> _Task directions_: Would you write out each line of the material below exactly, skipping every picture?

> _The data_:
-*-*-

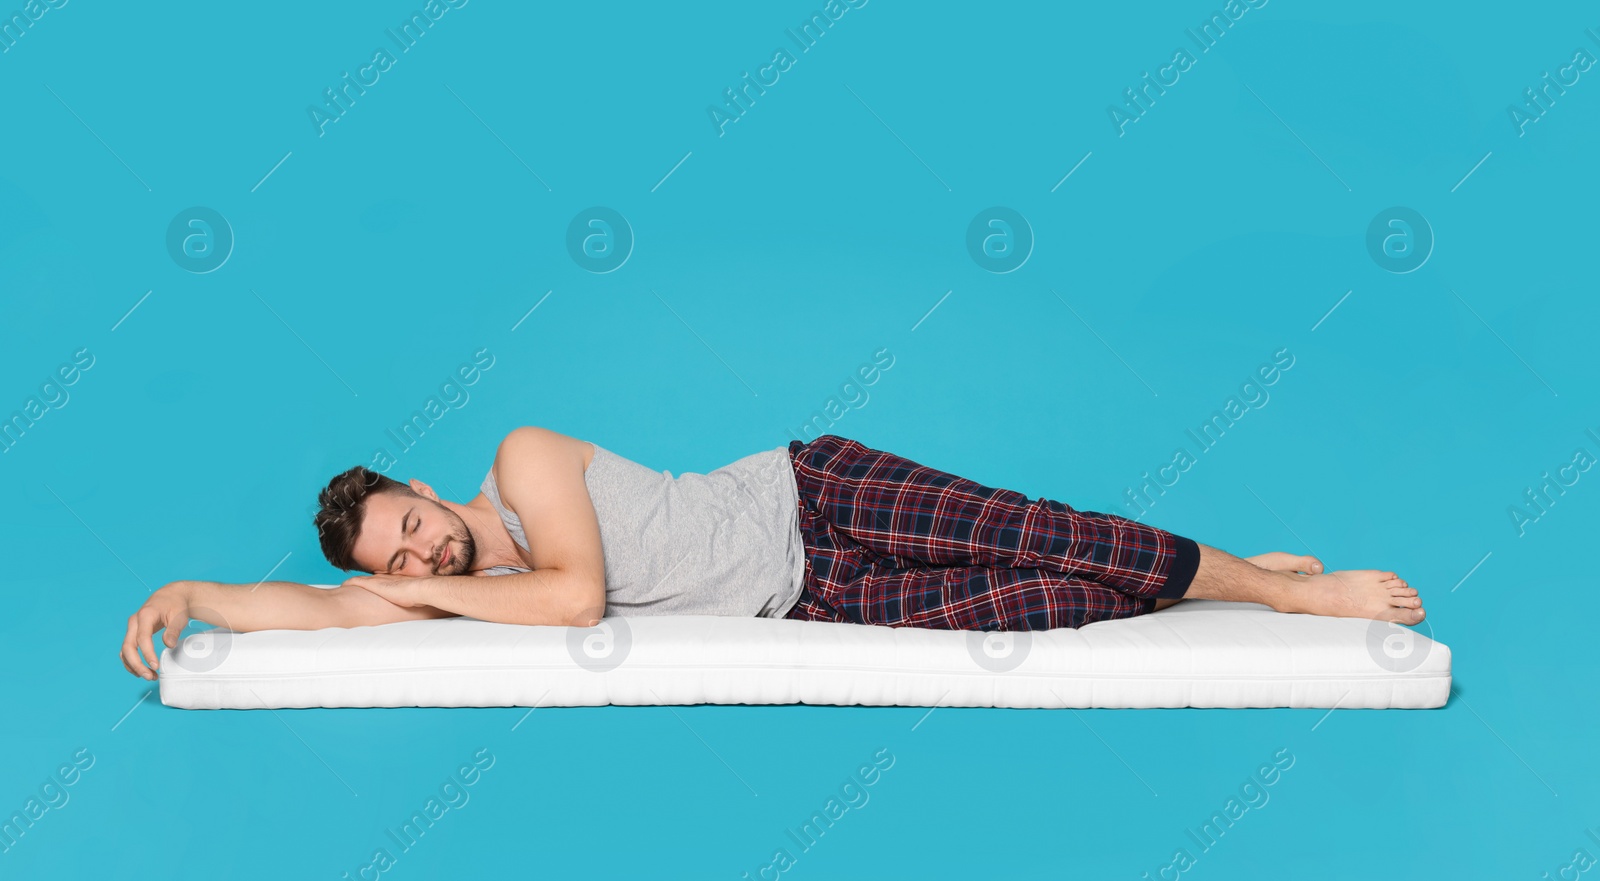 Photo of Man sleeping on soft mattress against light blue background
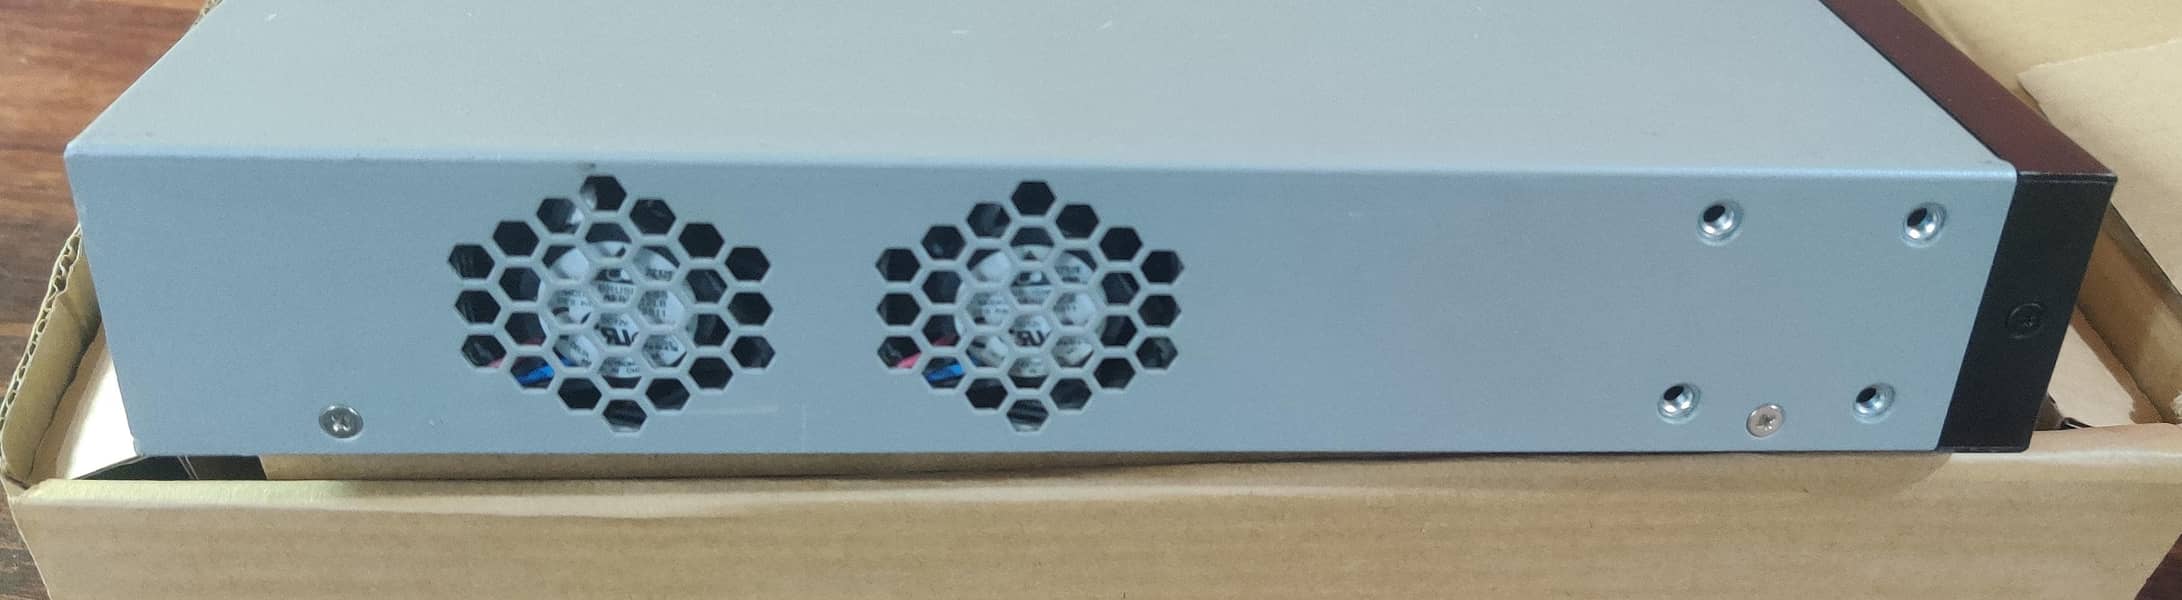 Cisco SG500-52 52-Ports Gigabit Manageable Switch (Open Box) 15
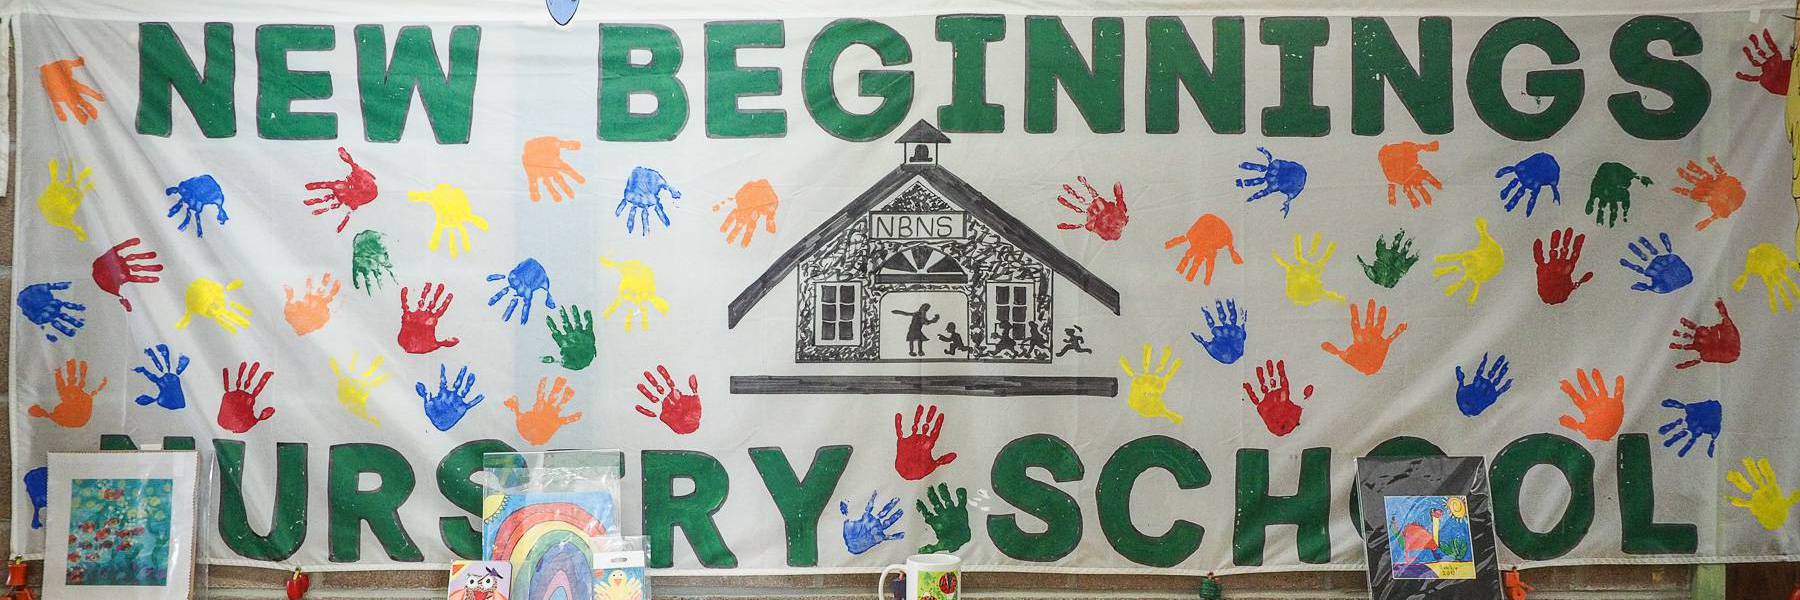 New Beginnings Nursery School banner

-*-*-

> _Exercise solution_:
 Photo of Man sleeping on soft mattress against light blue background
 Cisco SG500-52 52-Ports Gigabit Manageable Switch (Open Box) 15
 New Beginnings Nursery School banner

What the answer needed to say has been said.